We collected clinical course and outcome data using a standard admission form. The form included patient characteristics such as age, gender, HIV and ART status, physical exam findings, admission diagnoses, final discharge diagnoses, and patient outcomes of death, discharge or absconding. The admitting clinician (physician or clinical officer) recorded information on the form while the discharging clinician recorded the final diagnoses. Once a patient had a final outcome, a ward clerk transferred information from the admission form onto a data collection form and which was entered into a Microsoft Office Access version 14.0 database by a data assistant. Any information that was missing from the admission form was entered as ‘unknown’ in the database. To capture all inpatient admissions, a research assistant compared data in the spread sheet with available patient forms and the number of patients recorded in the admission logs weekly. In the event that an admission was not entered into the spreadsheet, the data were recorded at the time of discovery. During the study period, KCH had a laboratory with; hematology, microbiology, parasitology, biochemistry, serology and blood bank departments. However, due to limited availability of resources, different tests were not readily available. This resulted in clinicians making presumptive diagnosis which was evidenced by multiple final diagnoses per patient and presumptive treatment. The standard treatment for common conditions was: intravenous (IV) quinine for severe malaria; IV benzyl-penicillin and gentamycin or ceftriaxone for pneumonia; IV chloramphenicol and gentamycin or ceftriaxone for sepsis; high dose ceftriaxone for bacterial meningitis; high dose fluconazole for cryptococcal meningitis; and rifampicin, isoniazid, pyrazinamide and ethambutol for tuberculosis (TB).

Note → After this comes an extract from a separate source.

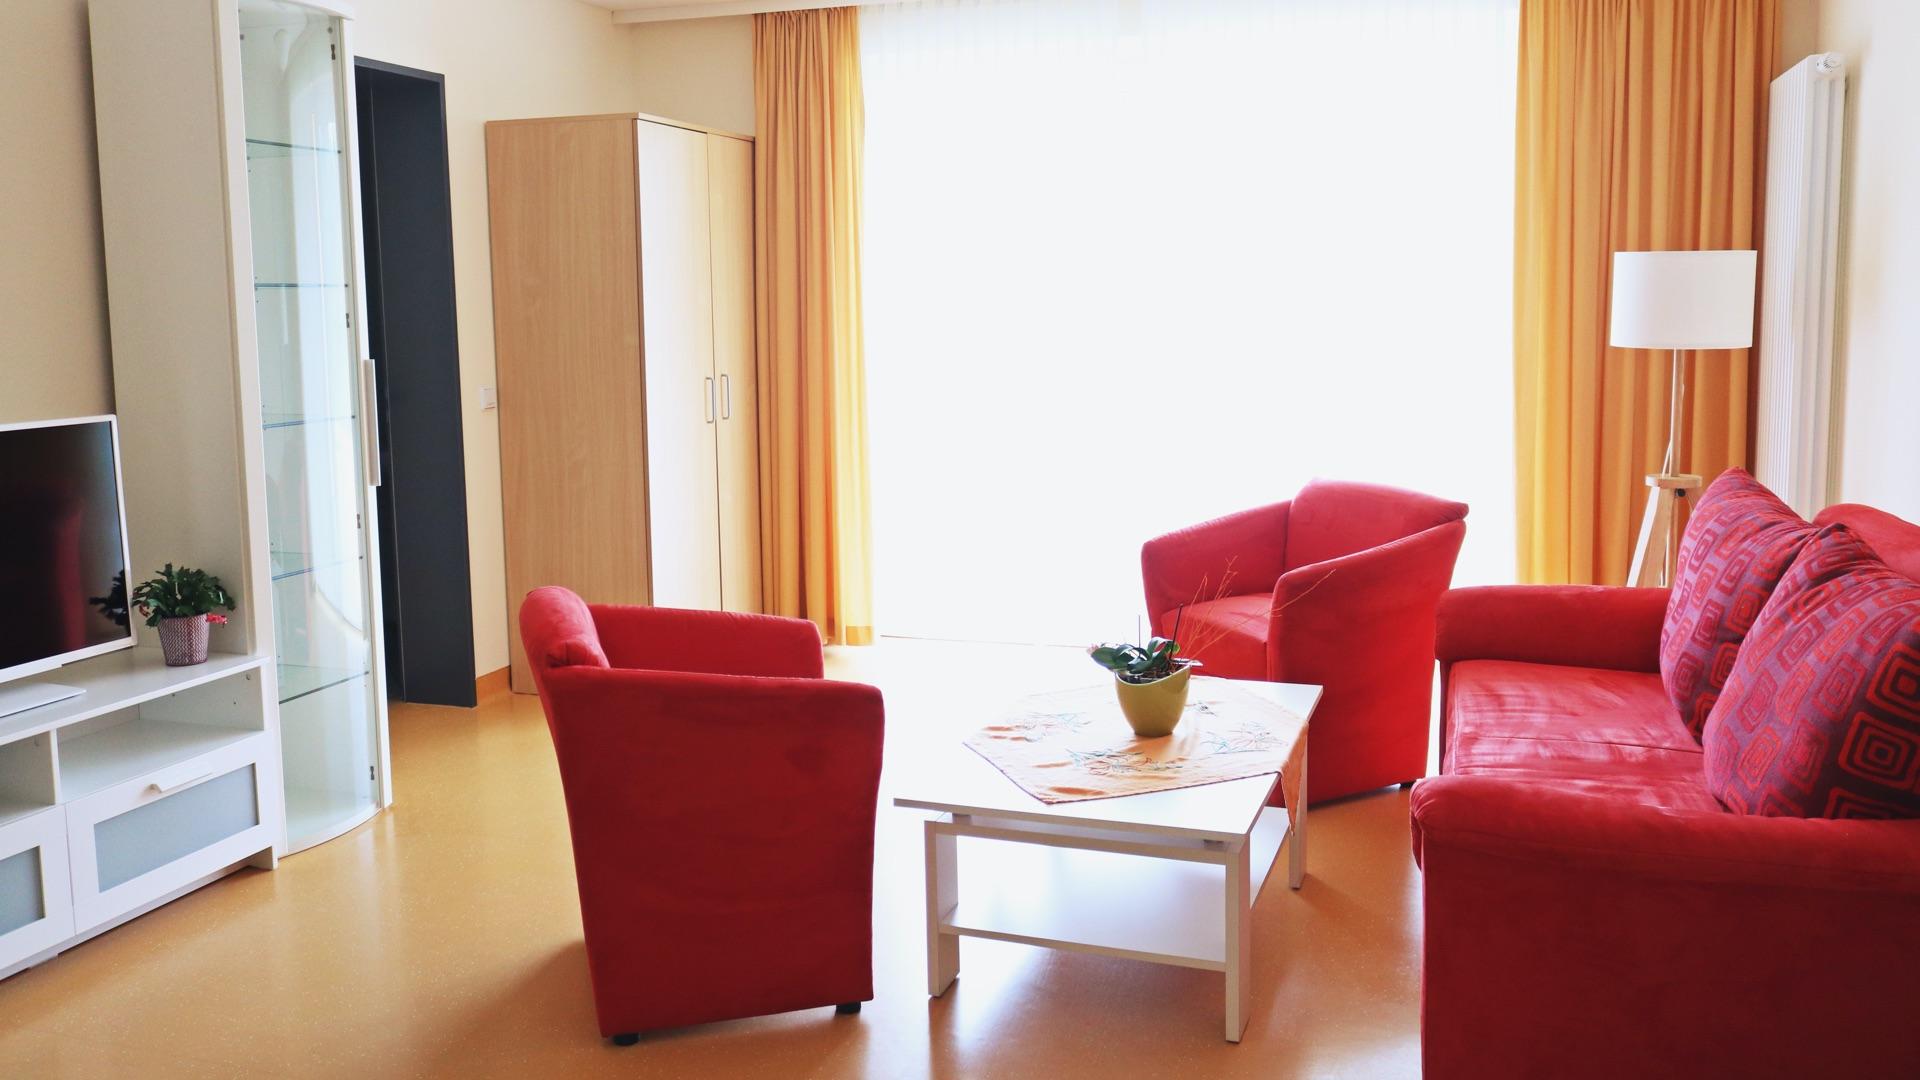 Besucherzimmer im Hospiz Haus Geborgenheit Neustadt im Harz

In order to assess the impact of PITC and ART roll-out, we categorized patients as HIV-negative, HIV-positive, and unknown HIV status by the time of final outcome. HIV-positive patients were classified as “new HIV-positive” if they tested positive during admission and “known positive” if they had a previously documented HIV-positive test. Known positives were sub-divided by ART status–ART-naïve (not on ART), new ART-initiators (ART ≤ 1 year) and ART-experienced (ART > 1 year).

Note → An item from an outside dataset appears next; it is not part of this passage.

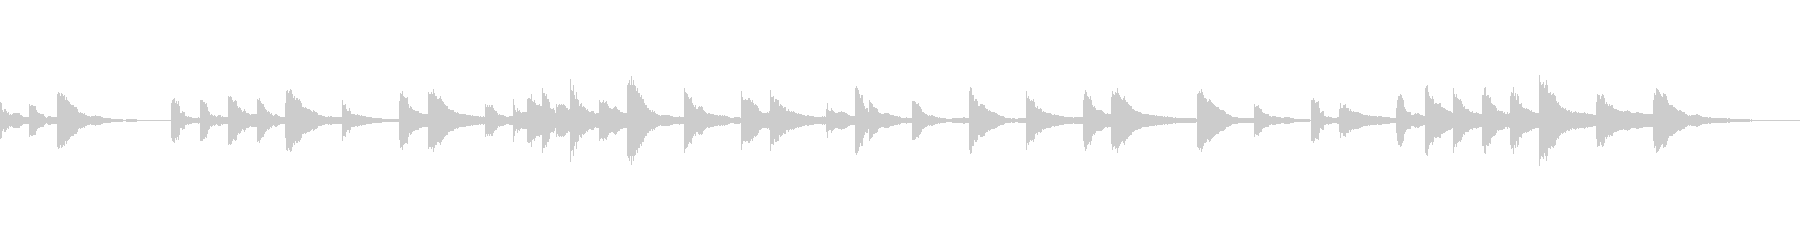 ソフトタッチピアノのみのヒーリング曲の未再生の波形

For the purposes of our analysis, we used the final discharge diagnoses for all patients unless they were missing in which case the admission diagnoses were used. We included HIV-negative, new HIV-positive, ART-naïve, new ART-initiators and ART-experienced patients in our analyses and identified the most common causes of morbidity and mortality, and compared mortality across these categories. We excluded patients with unknown HIV status or unknown ART status or unknown ART duration. Categorical variables were compared using Pearson’s chi-squared tests. Risk ratios (RR) and 95% confidence intervals comparing mortality by HIV and ART status for the most common diagnoses were calculated using generalized linear models with a binomial family and log function. We controlled for age, sex, and leading causes of mortality (pneumonia, sepsis, anemia, malaria, cryptococcal meningitis, and acute and chronic gastroenteritis) in adjusted models. All data analyses were conducted using Stata SE version 12.0 (Stata Corp., College Station, TX). Statistical significance was considered at a two-sided α-level of 0.05.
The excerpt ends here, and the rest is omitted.